Sediment cores influenced by hydrothermal activity carry geochemical signatures of nearby mineralization. Metal enrichments (such as copper, zinc and iron) can be detected up to 1 km from recently inactive mounds and at least 200 metres from mineralized fault zones.
By integrating sediment coring with geochemical scanning, explorers can cover wider areas efficiently and vector more quickly toward hidden or buried sulphide deposits — a practical addition to traditional mapping and drilling methods.
Arctic potential
The results from Semenov thus far provide a clear blueprint for SMS explorers elsewhere. Bishop specifically pointed to the ultraslow-spreading Arctic ridges in Norwegian waters – the Mohn’s and Knipovich ridges – which share the same favorable geological conditions.
As of yet, the discoveries along the Arctic ridges have not yielded any Semenov-scale deposits. For instance, according to estimates by the Norwegian Offshore Directorate, Mohn’s Treasure on the Mohn’s Ridge could hold a bit more than 2 Mt.
However, he pointed out that the ridges remain highly prospective for undiscovered OCCs that could in turn host significant SMS mineralization. The lack of large discoveries thus far may simply be a result of the ridges being underexplored.
The ULTRA team’s work also shows the value of “secondary” deposits. While these materials — metalliferous sediments, weathered rocks and high-grade sulfide sands — are smaller in volume, their position on the seafloor and elevated metal grades can contribute economically interesting amounts of ore and serve as useful exploration guides.

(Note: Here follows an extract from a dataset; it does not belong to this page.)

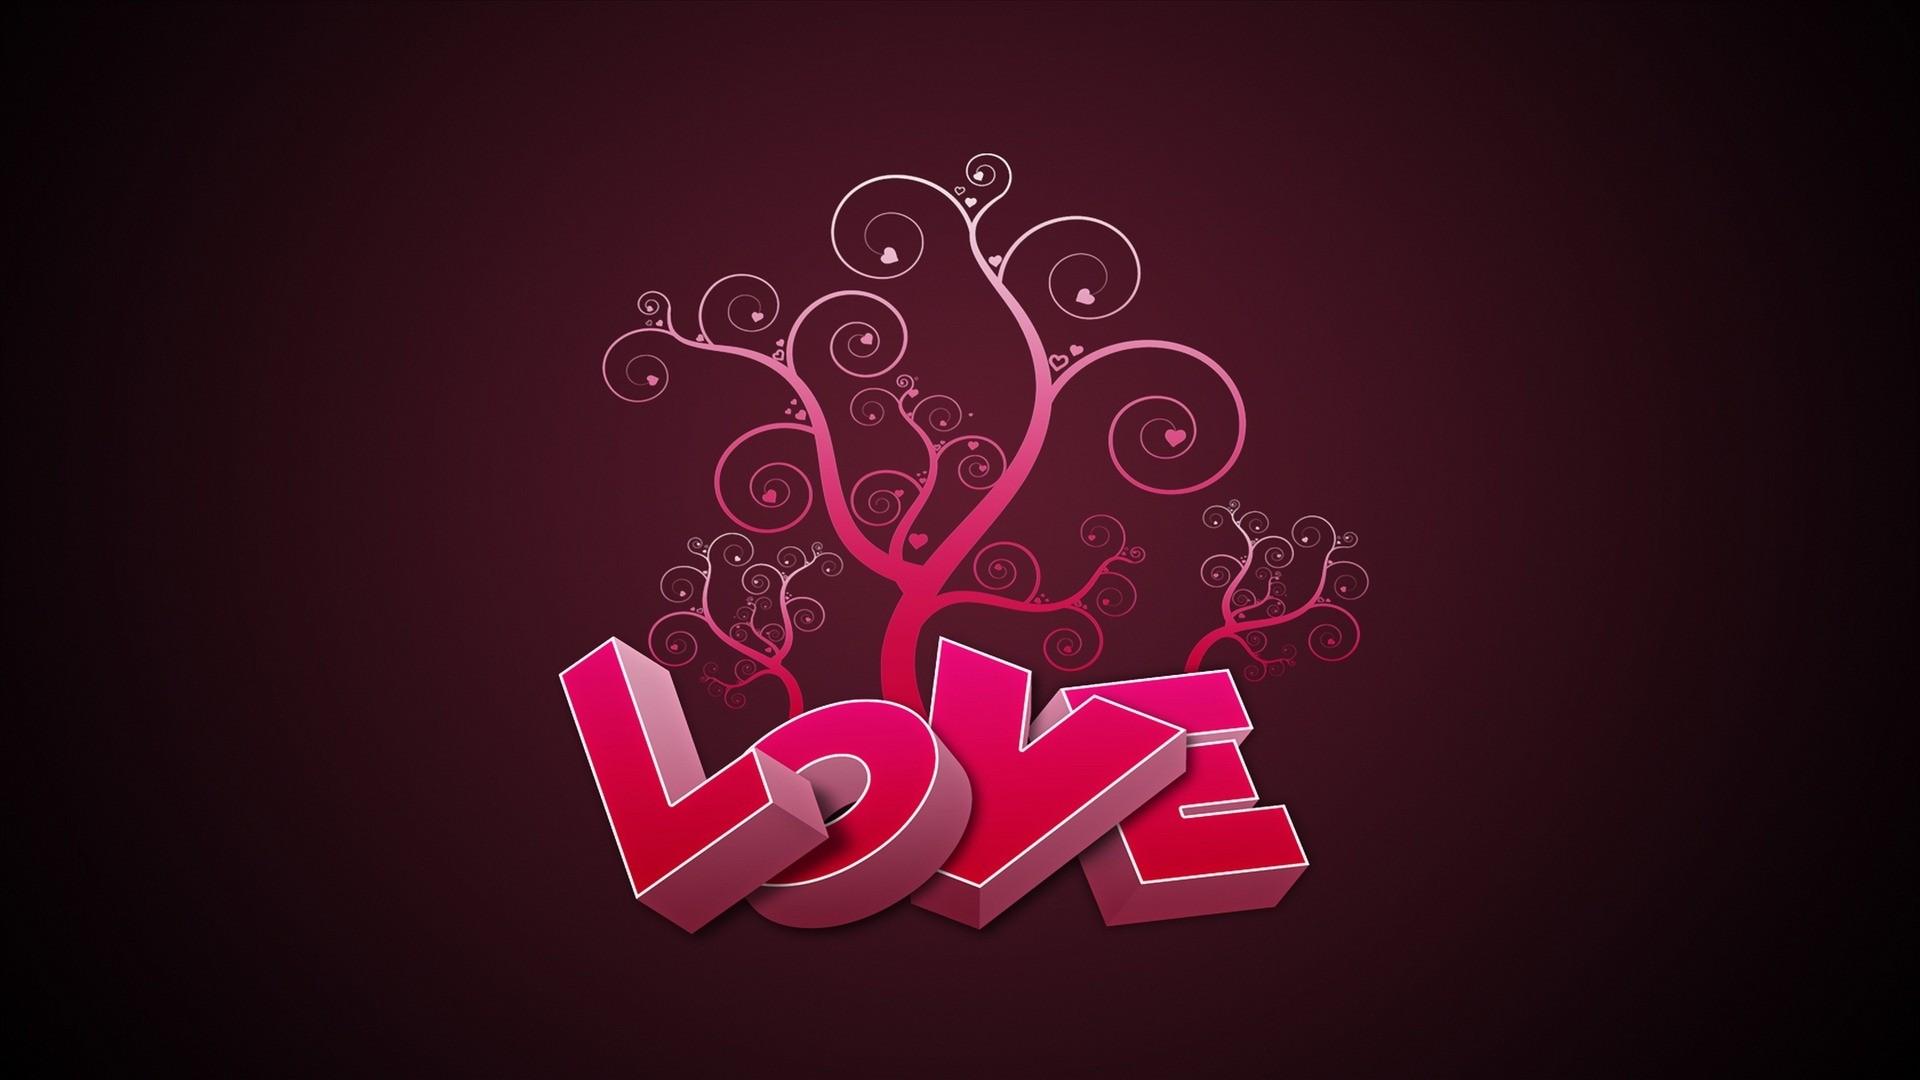 Full HD p Love Wallpapers HD Desktop Backgrounds x

While Norway’s first licensing round has been delayed for at least four years, mapping efforts are still ongoing in 2026 and Norway is well-positioned to leverage these insights. Several Norwegian participants, including the University of Bergen, Equinor, and Green Minerals, are part of the project, alongside the National Oceanography Centre, the British Geological Survey, the universities of Cardiff, Southampton, Leeds, and the Memorial University (Canada), as well as GEOMAR (Germany).